Aid from “industrialized countries”
What are the reasons Africa is now marginal to the world economy? Has the world abandoned Africa or has Africa abandoned the world? Both these are true. It is true that the world has abandoned Africa, because from the mid-1990s, despite interventions in favor of the most deeply indebted countries, the flow of financial aid to Africa has steadily declined, and because subsidies to farmers in Europe and the United States continue to keep African products away from the markets. Aid from industrialized nations to the countries of black Africa decreased from $18.1 billion to $12.5 billion between 1994 and 2000. This decrease has been only partially compensated by the moves made by the HIPC Initiative toward the reduction of foreign debt: twenty African nations are benefiting or will benefit from the commitment of their creditors to cancel $27 billion on paper for servicing the debt, but for now, in practice, this means only an annual savings of $800 million on Africa’s part. Even the “deserving” countries (in terms of macroeconomic policies), like Ghana, Mozambique, Uganda, and Tanzania, have seen their aid decrease between 1999 and 2000. As for the subsidies to European and North American farmers, if these were completely eliminated, the advantage for Africans would be measured in billions of dollars. Merely removing the subsidies given by the United States government to its cotton growers would enable African farmers to increase their income by $250 million.

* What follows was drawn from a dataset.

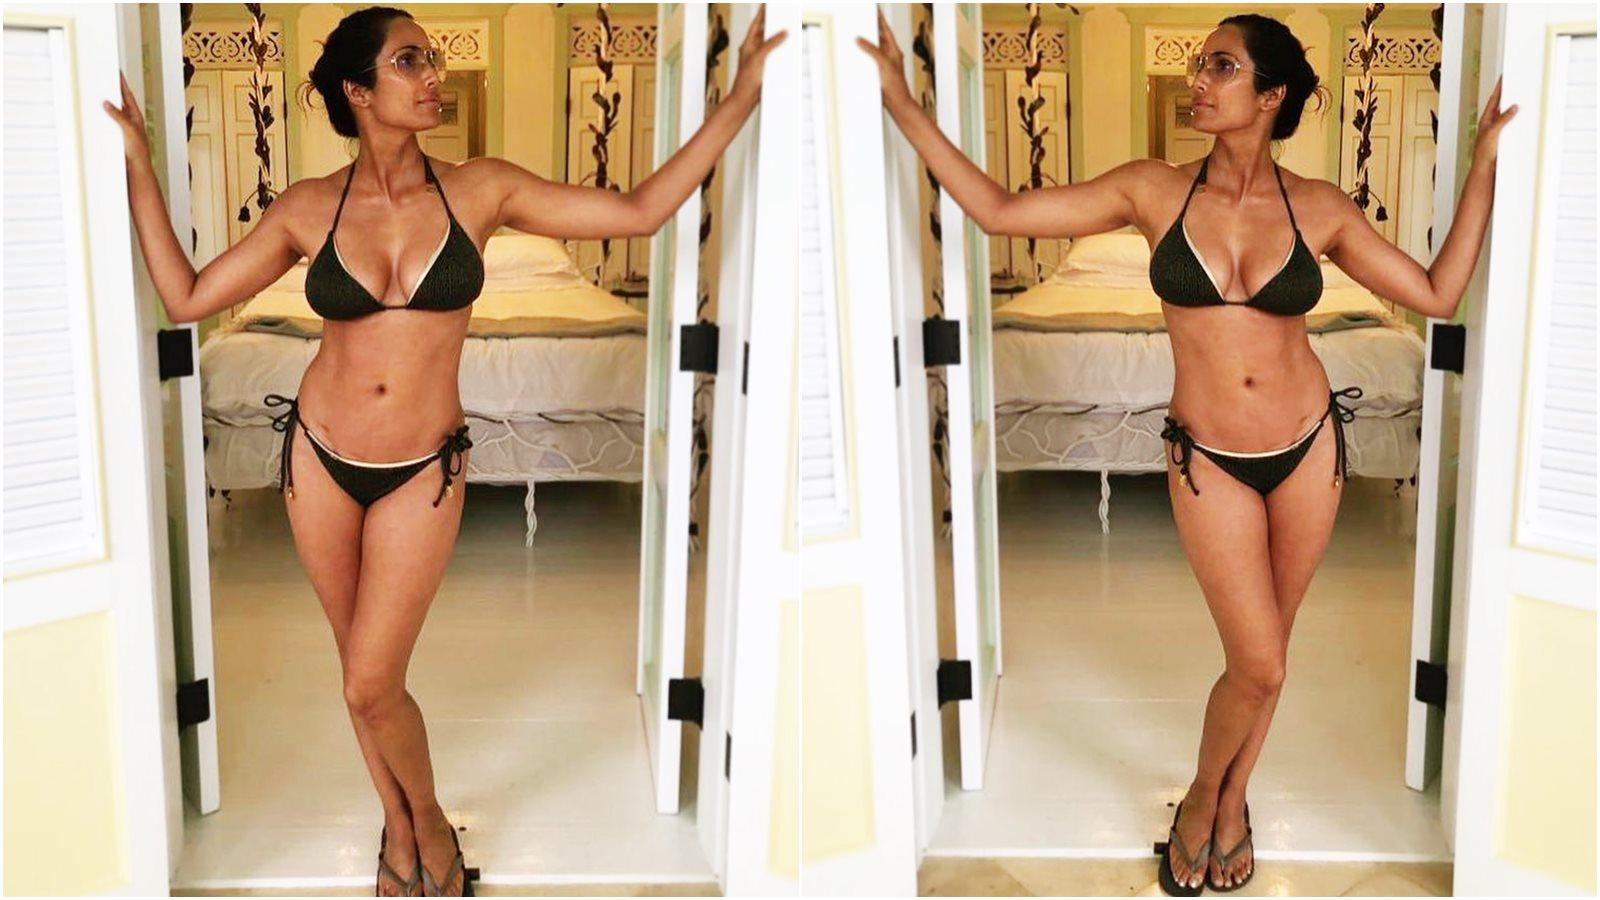 padma-lakshmi-is-feeling-fine-at-49-shares-sizzling-bikini-clad-picture

The inability of governments
But black Africa’s responsibilities for its derailment are no less grave. Robert Longo, an Italian who is one of the authors of African Economic Outlook, explains, “The benefits of globalization have not yet been felt in the African continent, both because its economy is increasingly isolated from that of the rest of the world, and because of the institutional and administrative inability of many governments, and because of the lack of human capital.” Jean-Pail Ngoupandé confirms this analysis. A brilliant intellectual and political expert and the former Prime Minister of the Central African Republic, he says, “Our businessmen go to Asia, and there they realize that the conditions that make development possible are prolonged hard work and quality, which make an economy competitive. They see that there, the government tries to make things easier for businessmen rather than creating complications. They note all the differences with Africa, where the government is corrupt or engages in obfuscation, the human resources are not up to the challenge of globalization, and competitiveness does not exist.” He adds, “Africa has no choice; it has to take a hard look at itself and try to climb onto the globalization train. Otherwise, we shall remain on the margins. I was contested at one of my lectures because I said these things. One of my critics said to me, ‘You maintain that we only account for 1.5% of world trade, but does this maybe keep us from living?’ I answered, ‘No, no one is keeping us from returning to primitive life. But we cannot say, “We want to live just as we please, like when we lived in the bush, but we also want schools and hospitals.”’ These things are produced by industrial society. Either we accept this kind of society, or we go back to the bush. We cannot have both.”